Studio album by Averse Sefira
- Released: 1999
- Recorded: September–October 1998
- Genre: Black metal
- Label: Arrogare Records (band created label for release of record); Evil Horde Records (Brazilian reissue, 2003); Mordor Records (Swedish reissue; 2007)
- Producer: Averse Sefira, Stuart Lawrence

Averse Sefira chronology
|  | Homecoming's March (1999) | Battle's Clarion (2001) |

= Homecoming's March =

Homecoming's March is the debut studio release by the Texan black metal band Averse Sefira.
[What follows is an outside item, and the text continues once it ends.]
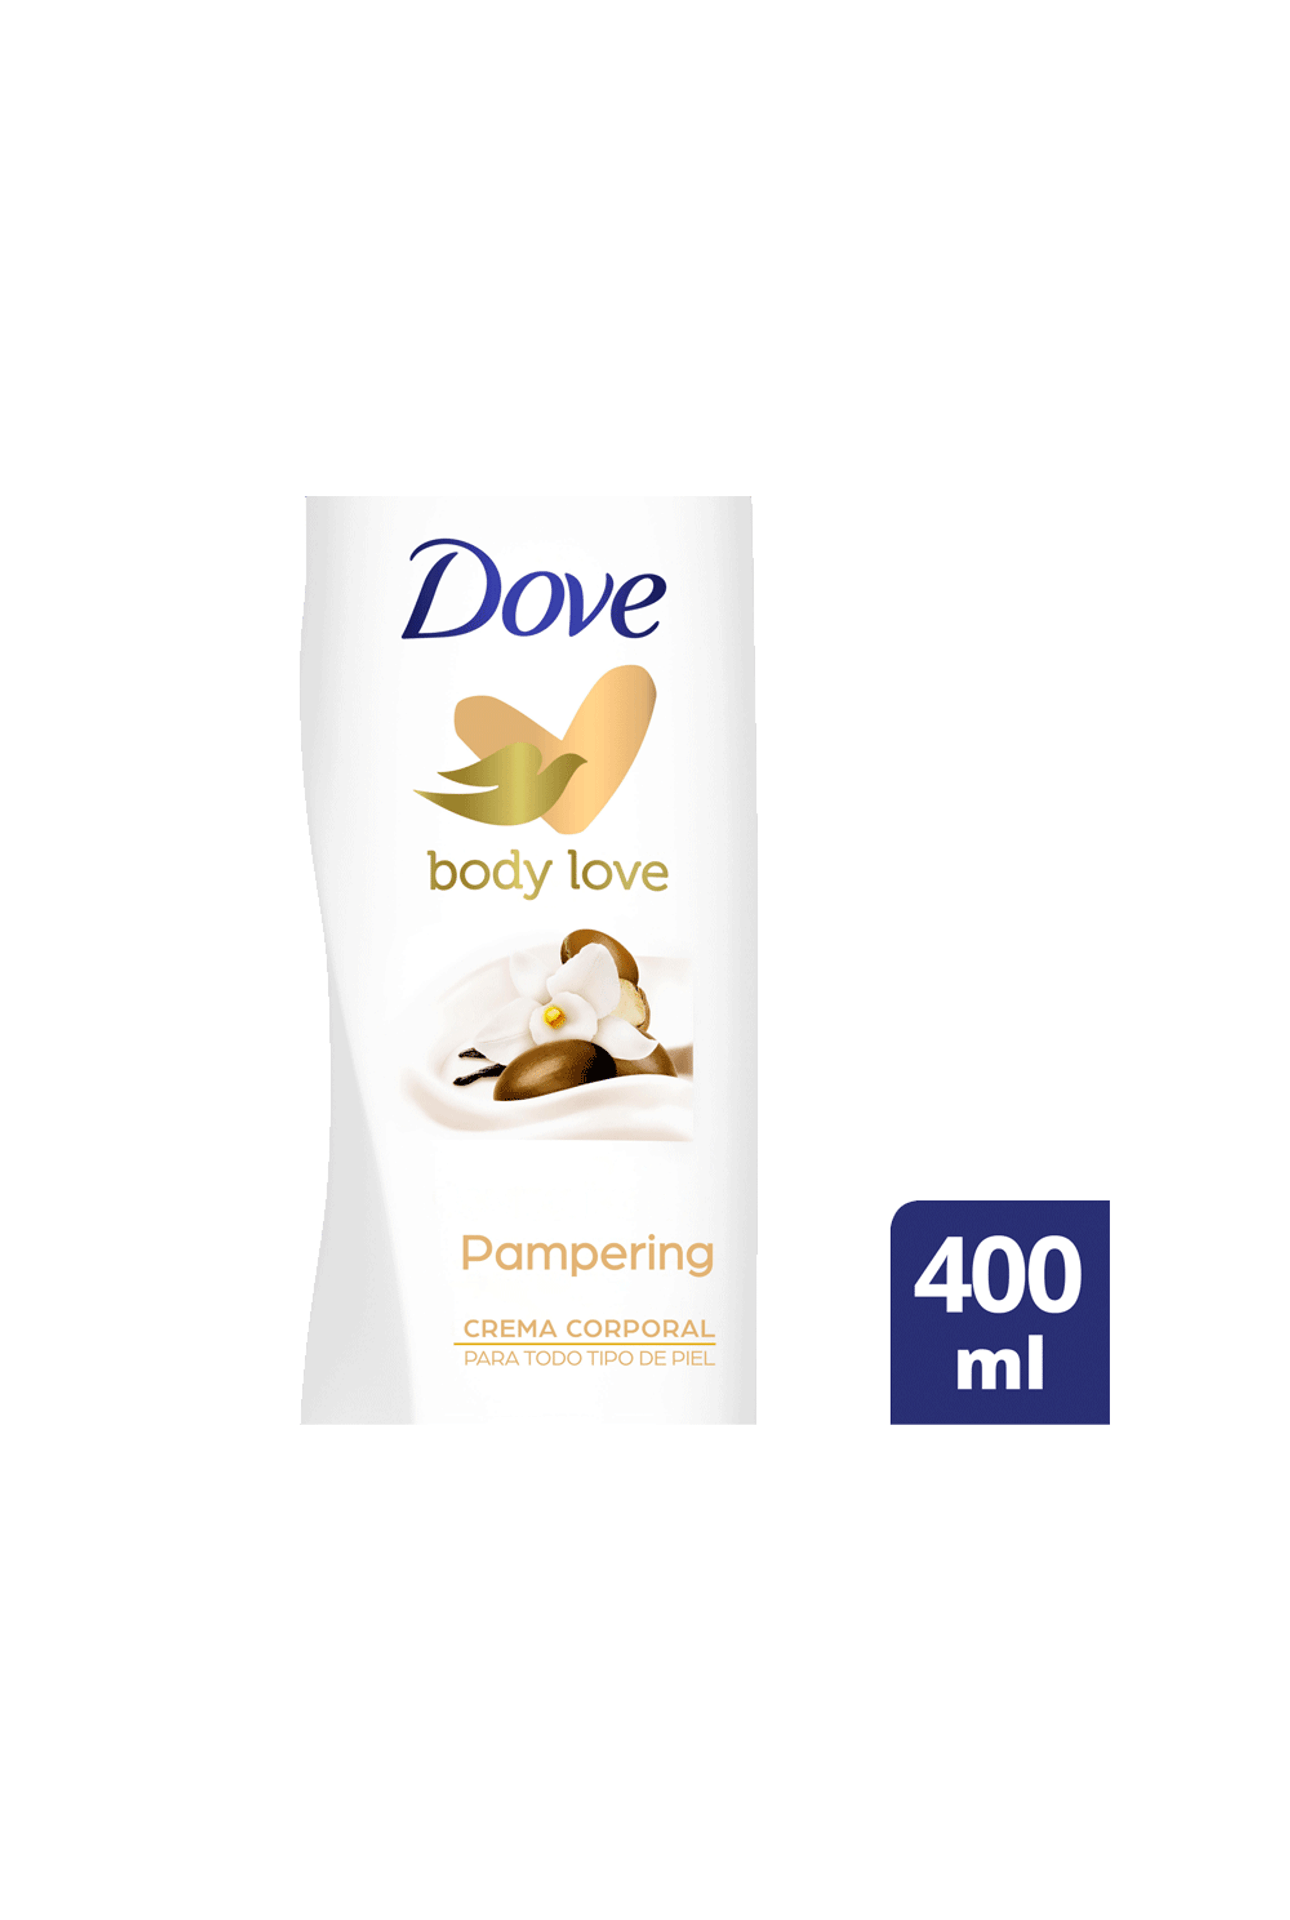 Dove-Crema-Corporal-Dove-Karite-x-400ml-7501056346126_img1
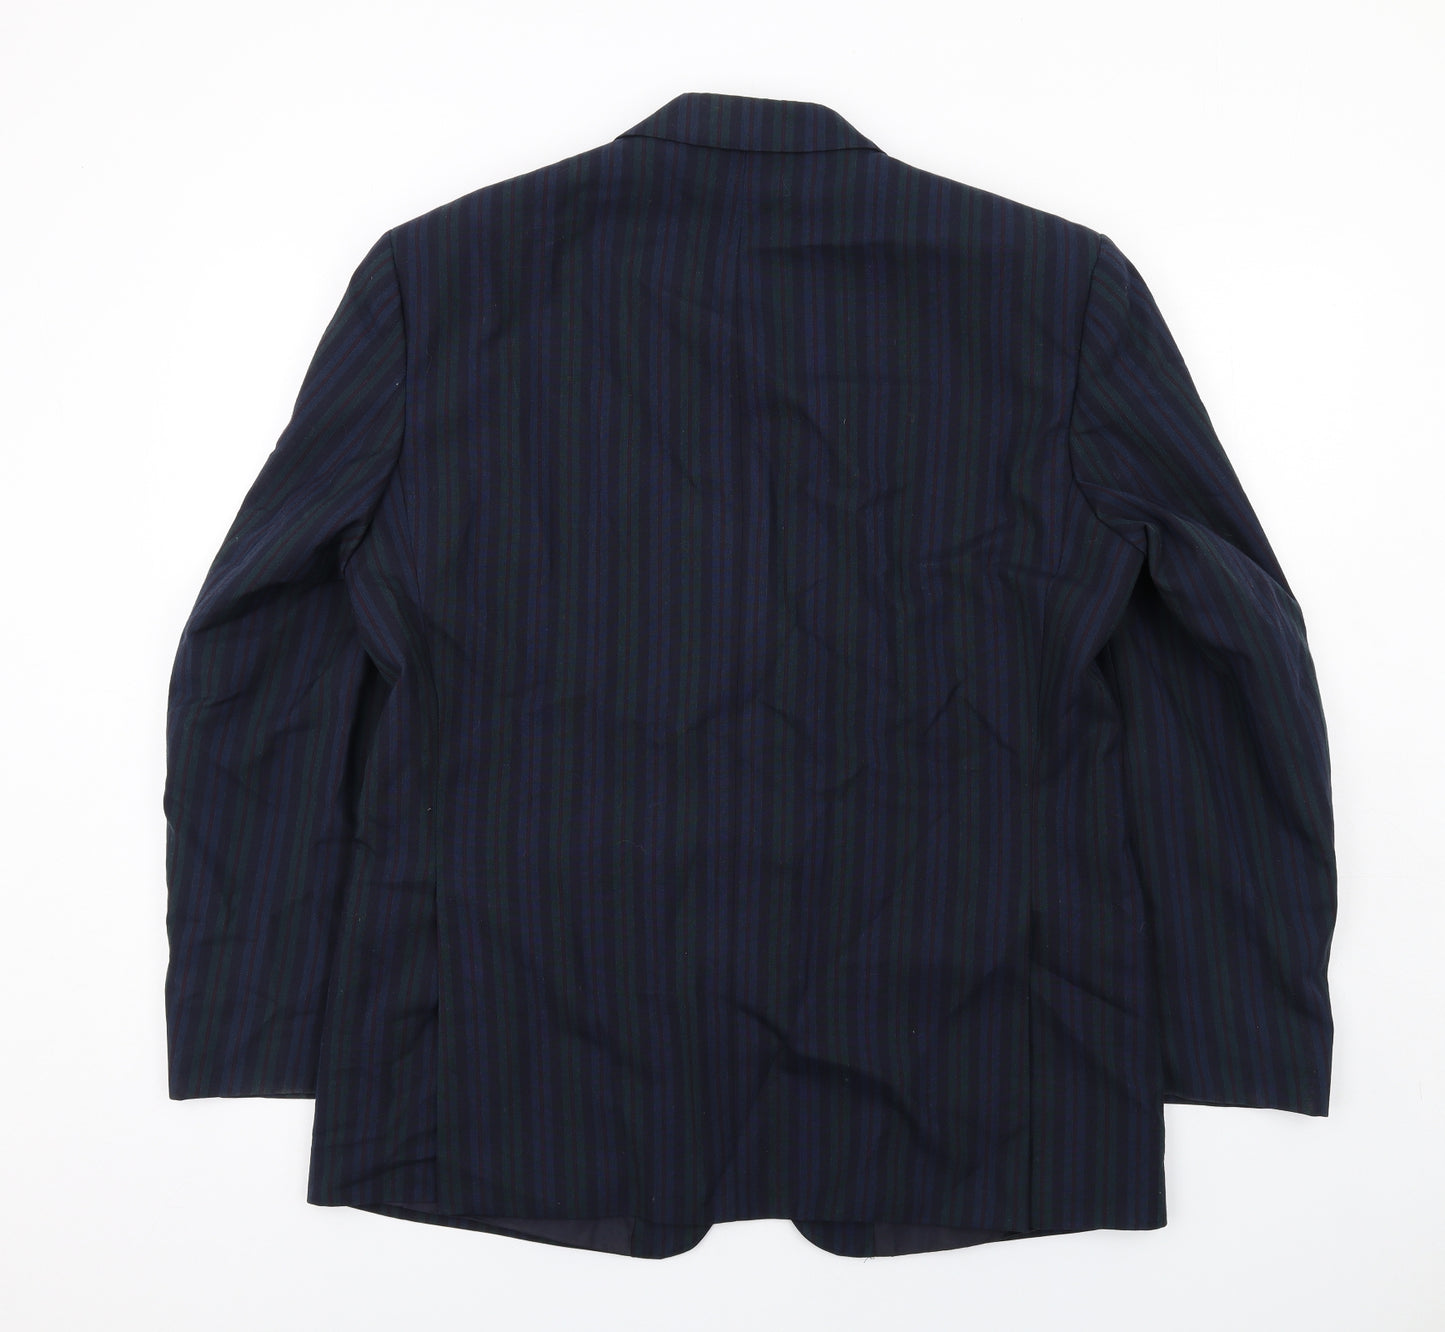 Brook Taverner Mens Multicoloured Striped Polyester Jacket Suit Jacket Size 42 Regular

It was released in 1999 on the band's own label, Arrogare, and was produced by the band themselves with co-production by Stuart Lawrence (who would not figure in any of their other albums.

The album is split into band-composed full-length songs and joining those songs are interludes (or "aversions"), as created by "effect artist" Lady of the Evening Faces.

==Track listing==

Source:

- All Music and Lyrics by Averse Sefira. (Copyright Averse Sefira)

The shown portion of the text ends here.